I have actually worked with both Tom Schwartz (Tinman) and now a Norwegian coach, Arild Tvetiten.
Tom would do a lot of work at 10k pace or what he calls Critical Velocity. Ex: 8 x 800, 6 x 1600 . Rarely would we do any work over that intensity- except short hard 10 x 60" hills best effort followed by 1200m reps at Critical Velocity or 150m at the end of a workout. All of these would be with shorter rest (2' or so say we did miles at CV). Tom believed (and I am not quoting him, this is what I took away) that the body did not break down more by doing CV than it did at Threshold, so the adaptations came from being able to do a bunch of time at CV and not breaking down too much. Tom is not a big believer in high mileage though.

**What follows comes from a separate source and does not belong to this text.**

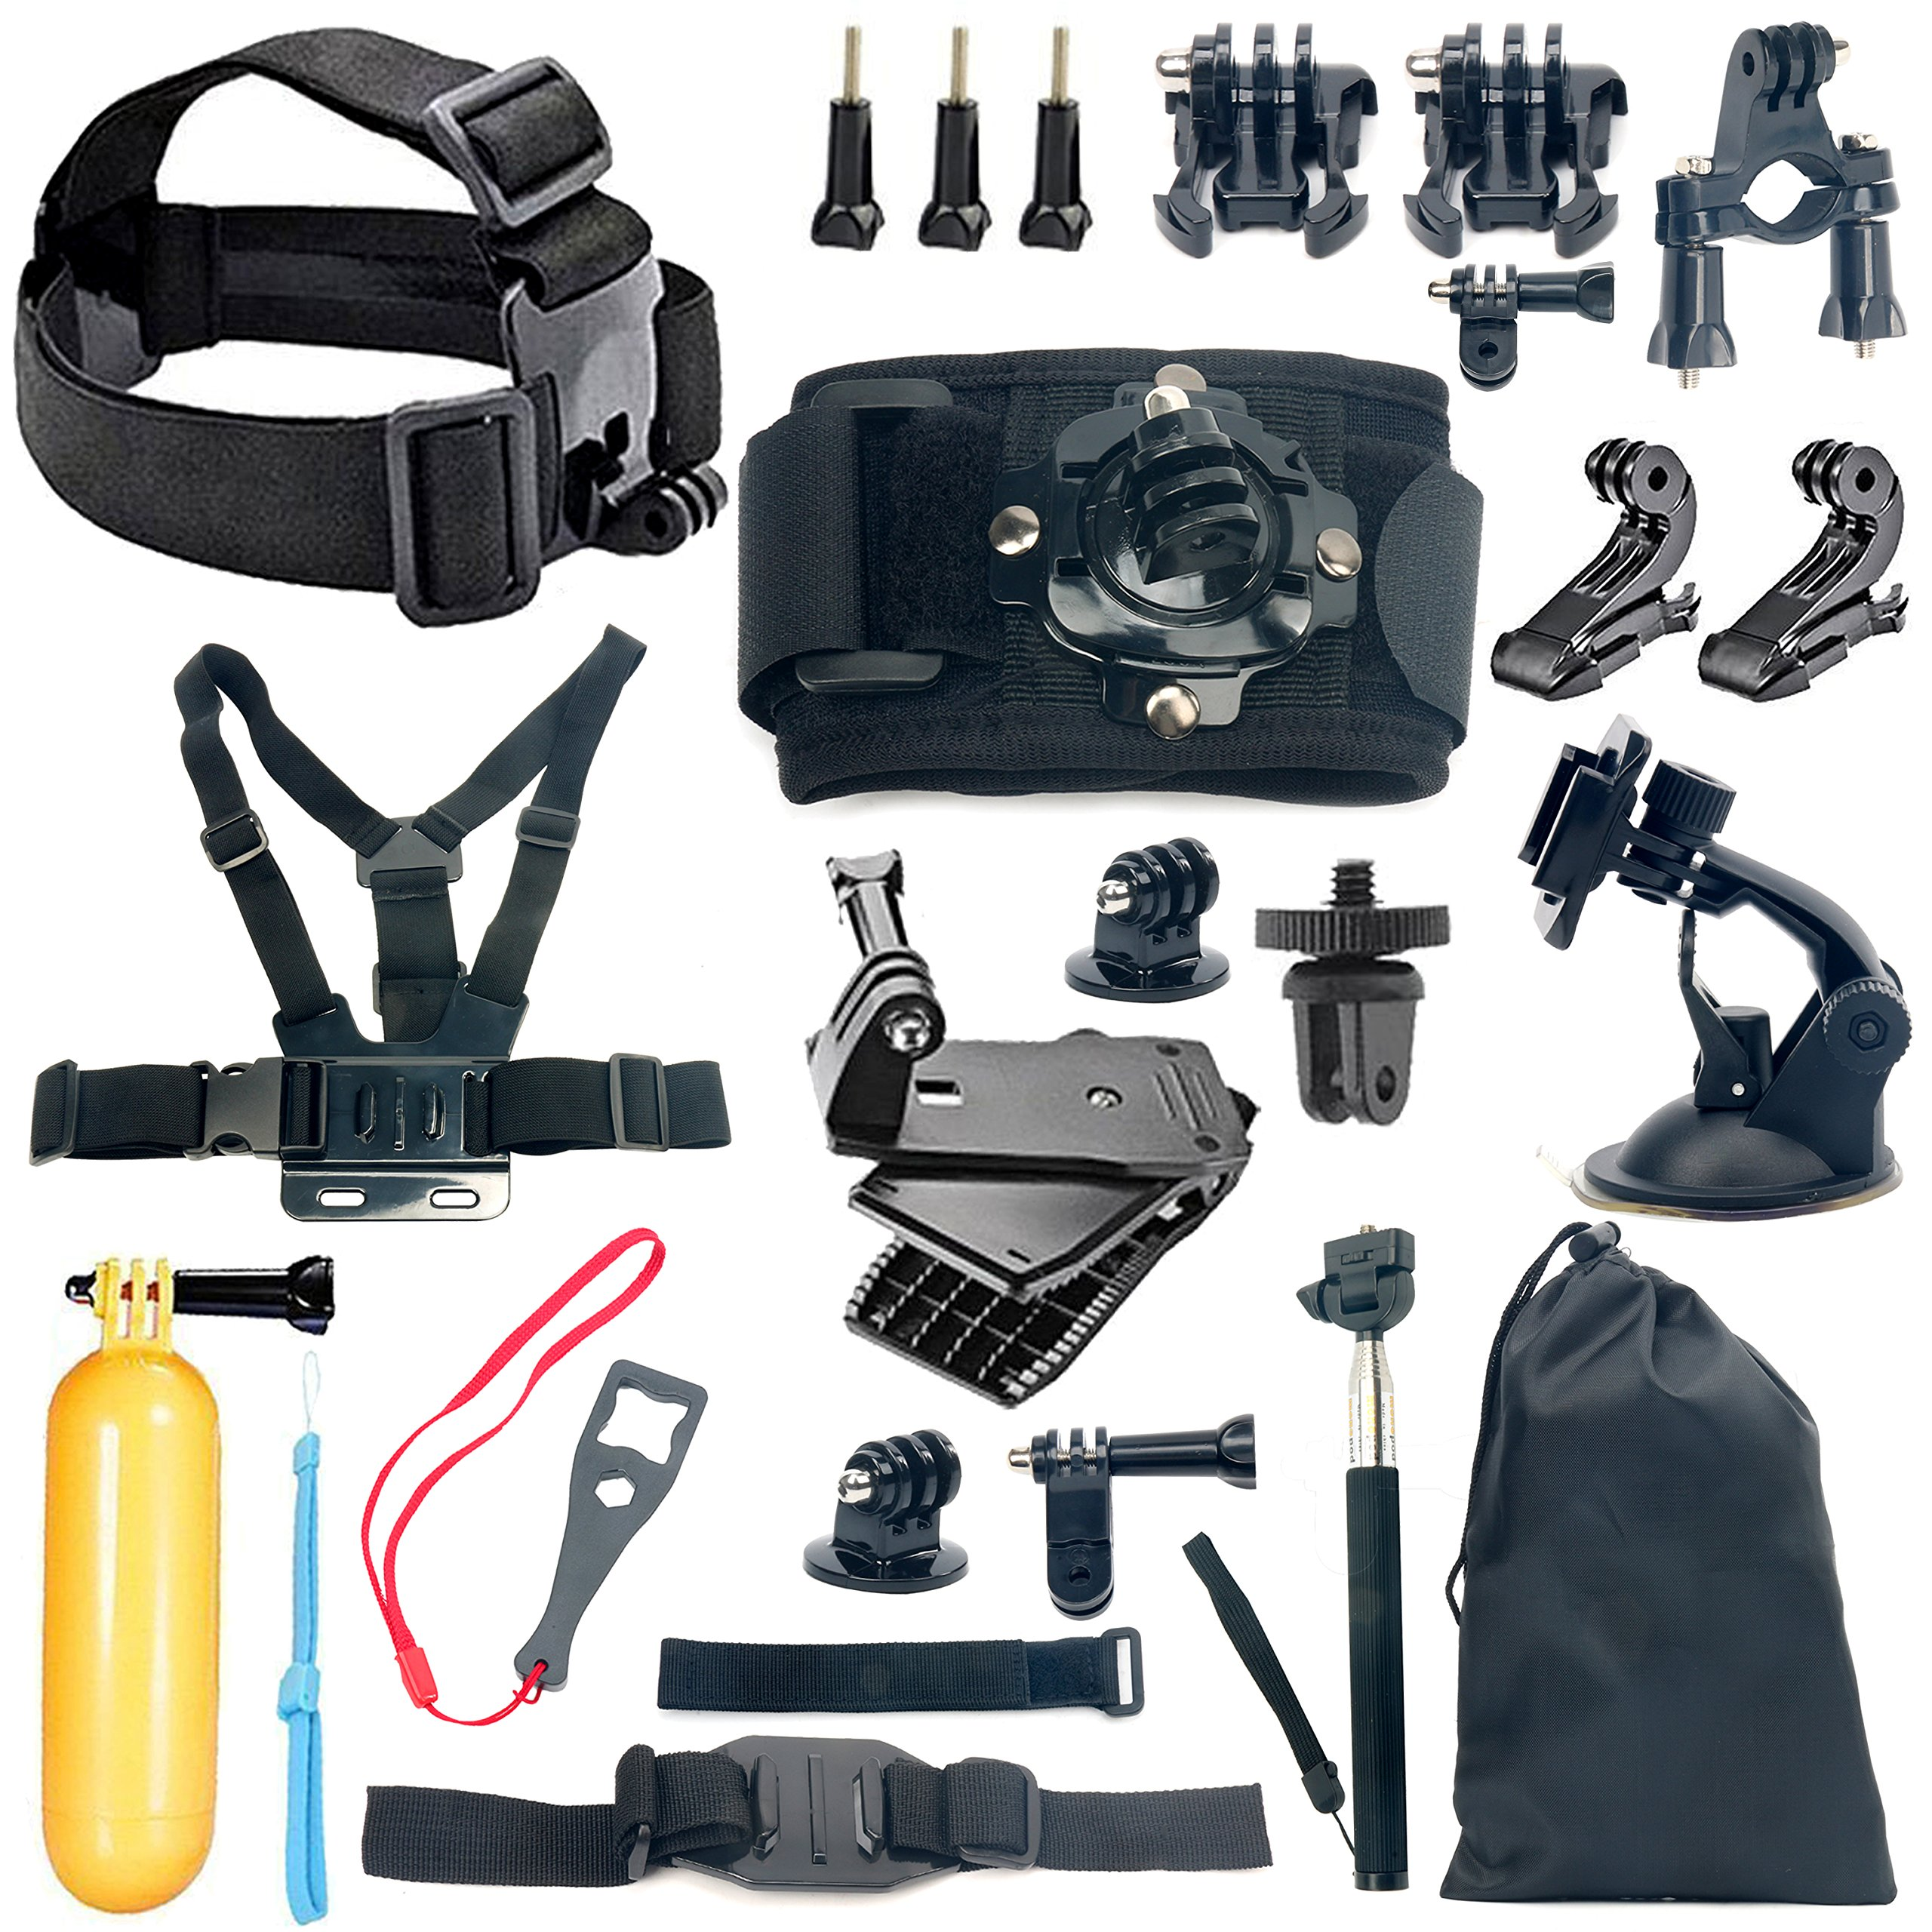 YaeCCC 18-in-1 Gopro Accessory Kit for GoPro Hero5 Black, Hero5 Session, Hero 4 Silver Black, Hero Session, Hero3+,3,2,1 SJ4000,5000,6000,XIAOMIYI,2,Sports Camera Accessories,Gopro Bundle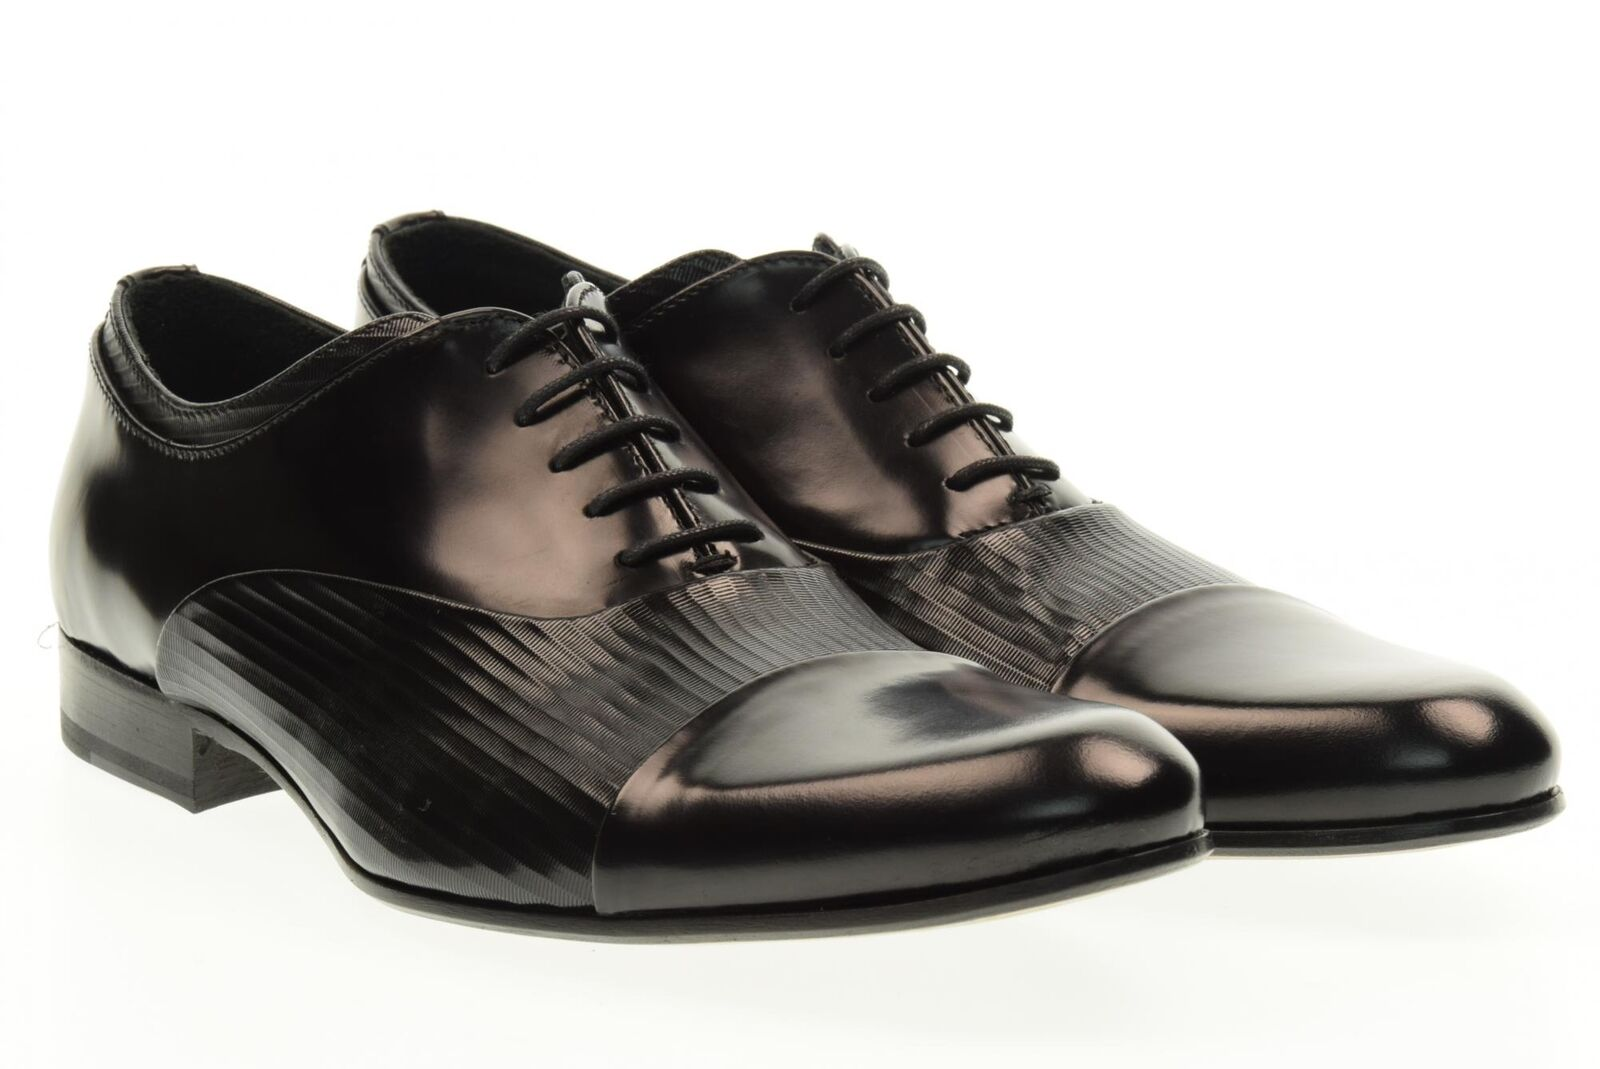 Eveet p17s scarpe uomo merletto - 15910 p -rex linea   nessun minimo

With Arild, we do everything between 2.5-3.2mmol, unless we are in a race specific phase about 2 weeks out and just doing race pace work. He believes it is important to do as much volume at LT2 a week so that the body can get strong while also learning to use fat instead of glycogen for fuel when running very very slightly under "threshold" pace. The lactate is simply a measurement of the byproduct of glucose utilization by the muscle cells. As a marathoner, I am doing about 40km of work at LT2 (3:20/km) a week, 16km of work at LT1 (3:50/km), and then 100k of easy running at around 5:00/km at altitude. Basically, the athlete is able to do this amount of volume a week at intensity because they are able to recover easily and there is minimal muscle tissue breakdown. High volume, controlled intensity, and 4-5 sessions a week
I think both methods work. The norwegian approach (IMO) doesnt work unless you can hit high volume... if you cannot sustain high volume + consistency then I would think Tom's approach is the better one.